This article describes RSMON distributed monitoring system basic principles and may be interesting for specialists interested in increased reliability of monitoring as well as in monitoring centralization, flexibility and minimization of false states.
The main goal of every monitoring system is to form a valid picture of the status of the network and equipment, but like any resource, the monitoring system is subject to periodic disruption which requires the duplication of controlling elements. In our case Nagios instances and, in the case of a high load, the Nagios node distribute the load between different nodes.
Nagios duplication is not difficult. It can be easily handled by a couple of shell scripts that use rsync/svn or other mechanisms to replicate configuration.
Load distribution is more complicated because its use should be restricted to either an administrative division or use of complex automated mechanisms based on Nagios add-ons.
In this case, every Nagios instance itself is an additional monitoring point which requires user intervention. Simple Nagios multiplication leads to unnecessarily large points which makes impossible growth of monitoring over some number of Nagios instances.
Other problems include false-negative reports. For example, we see that Nagios1 shows that server1 service SSH has connect timeout alert but Nagios2 does not show such timeout. Do we trust Nagios1 or Nagios2? To manually resolve this, a few items need to be compared such as: time of last check, state of this check, or service status in Nagios3. A manual check may also be performed.

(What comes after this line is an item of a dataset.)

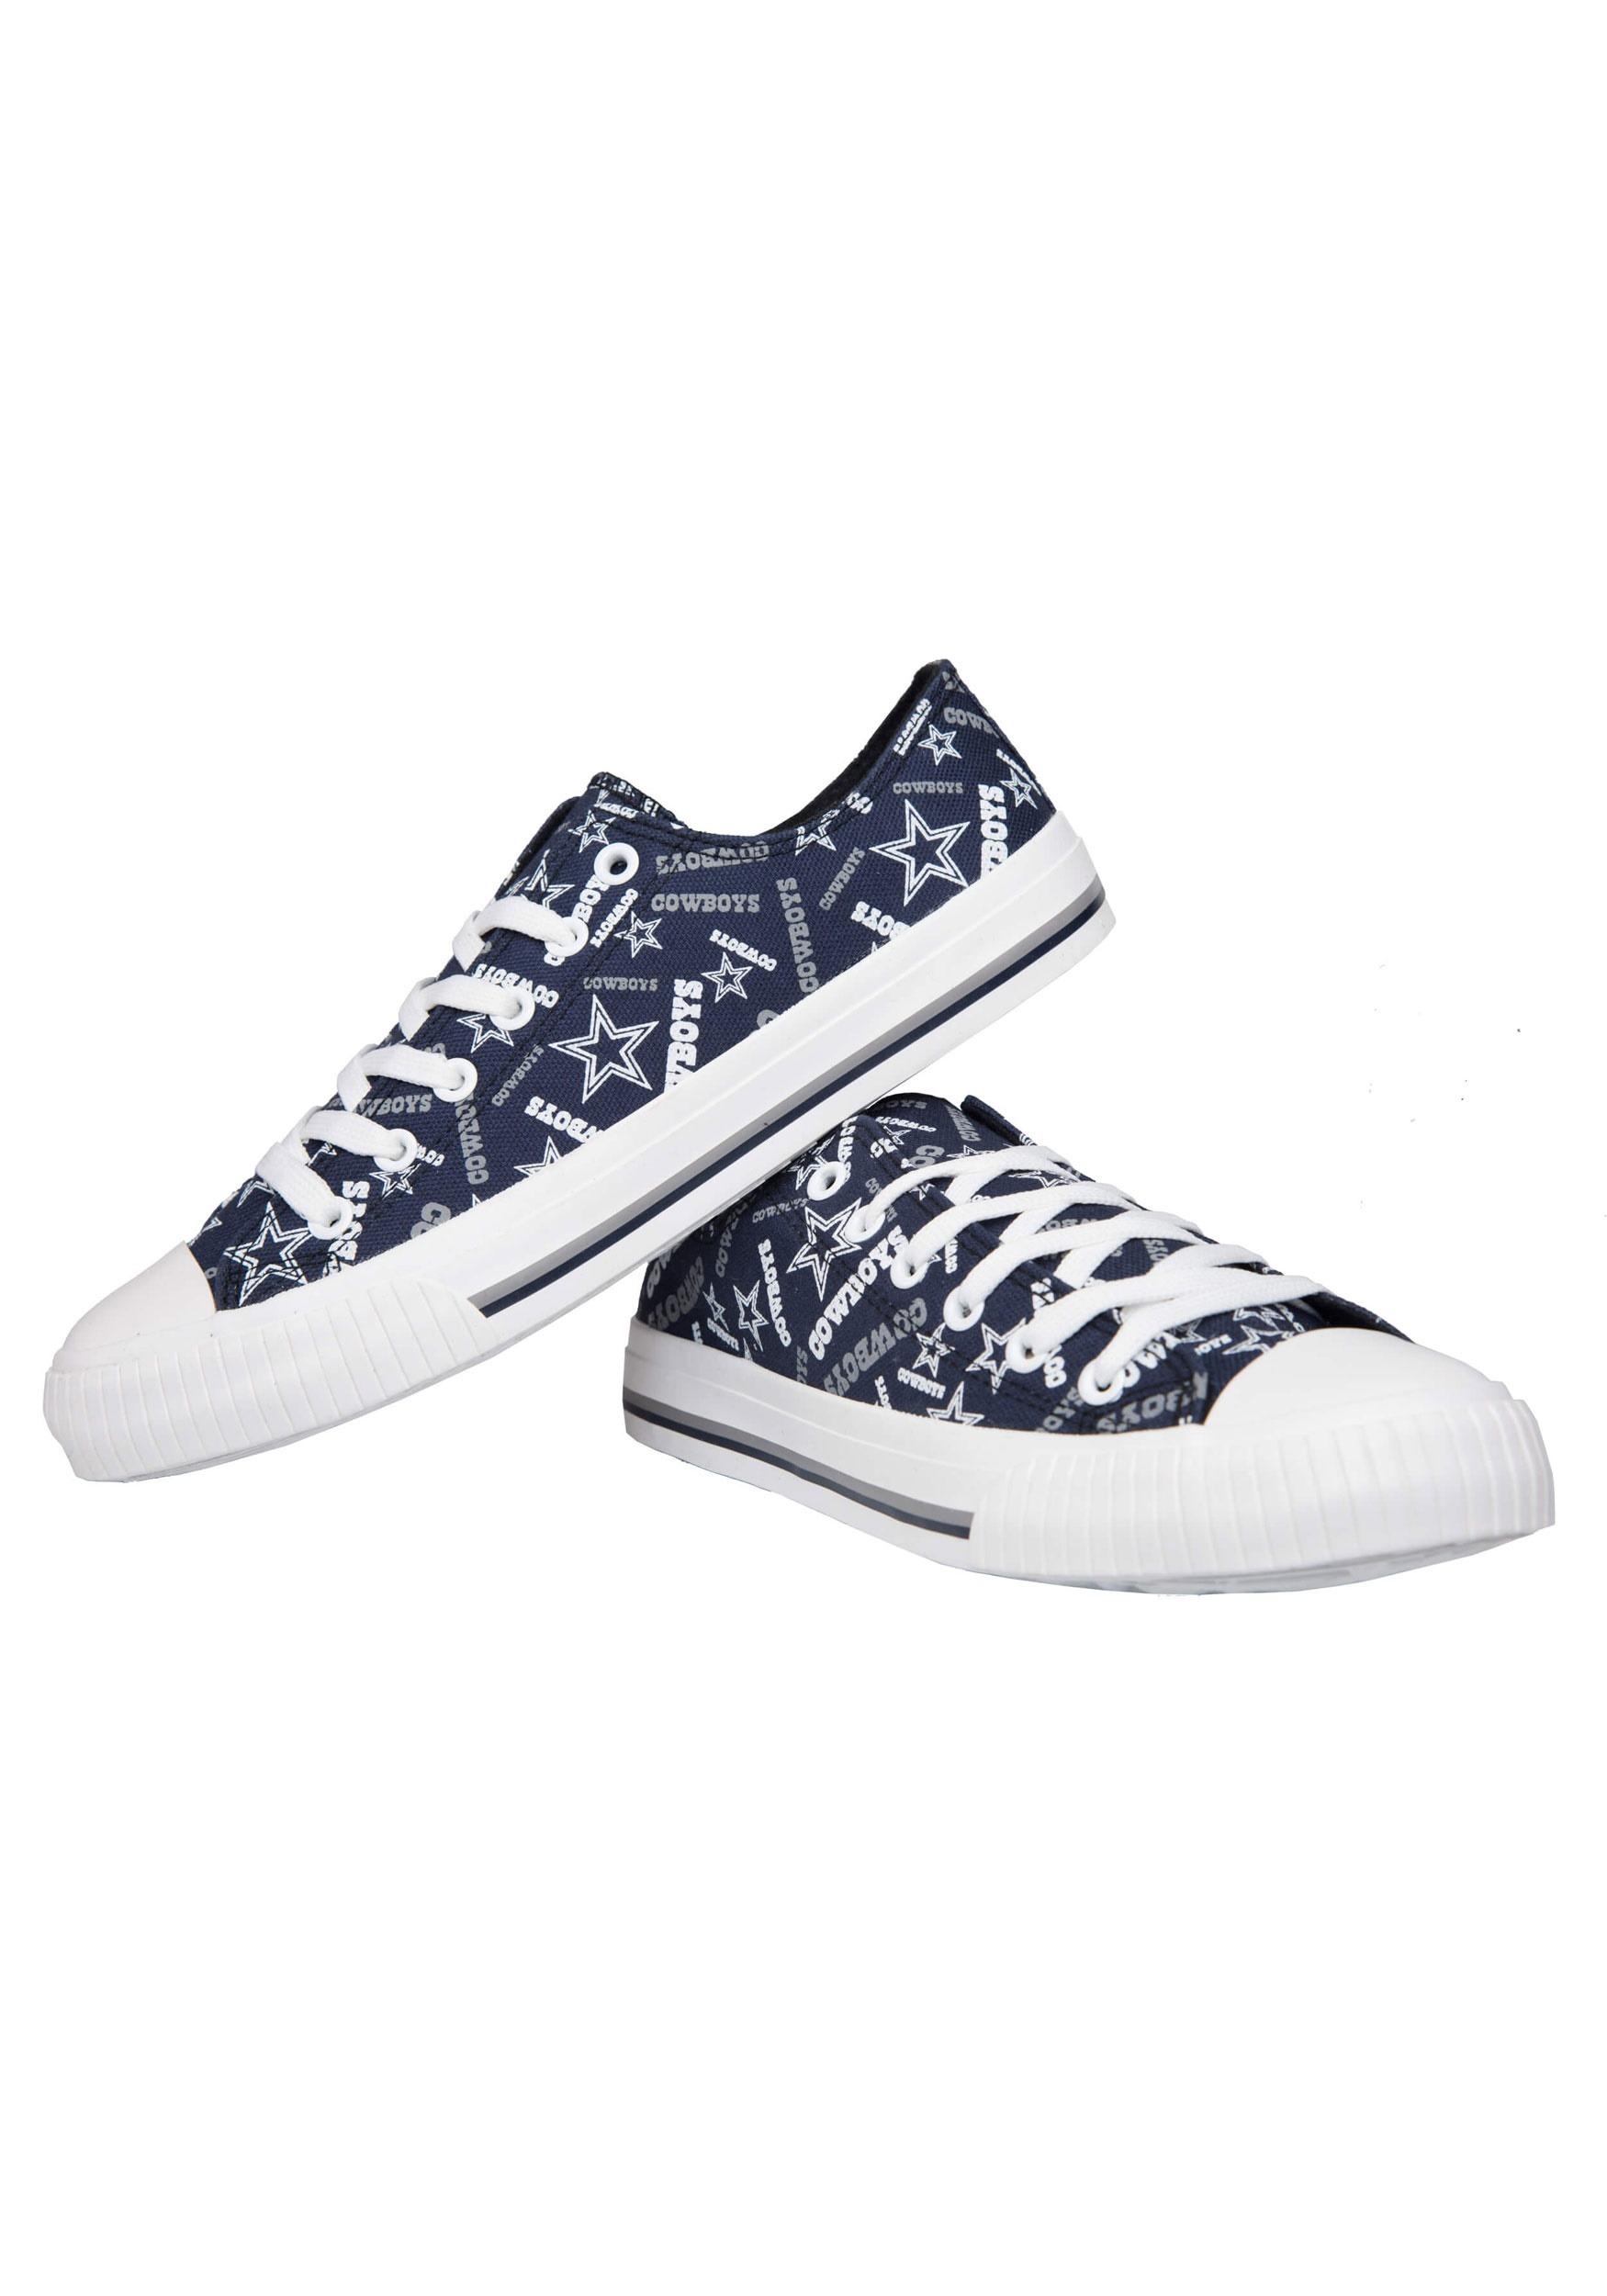 Dallas Cowboys Low Top Canvas Shoes for Women 15ec70b79

All of this takes additional time and requires human intervention.
It is possible to check one service, or two, or even five, but in our practice we often experience temporary unavailability of some routes. In this case, Nagios1 in Europe can not view 1-2 hundred servers in the USA (and 1-2 thousands of services), but Nagios2 in USA (and Nagios3 in Asia) check these services and find that it is working properly.
Almost all of the problems similar to these are solved by developing the REMSYS Monitoring interface.
The RSMON system is based on Nagios (as a main monitoring element) and NDOutils as a database back-end.
RSMON is not only a visual interface, it is a complete solution, which includes multiple Nagios instances, secure and reliable transport for Nagios messages to central database, and decision system and visualization interface.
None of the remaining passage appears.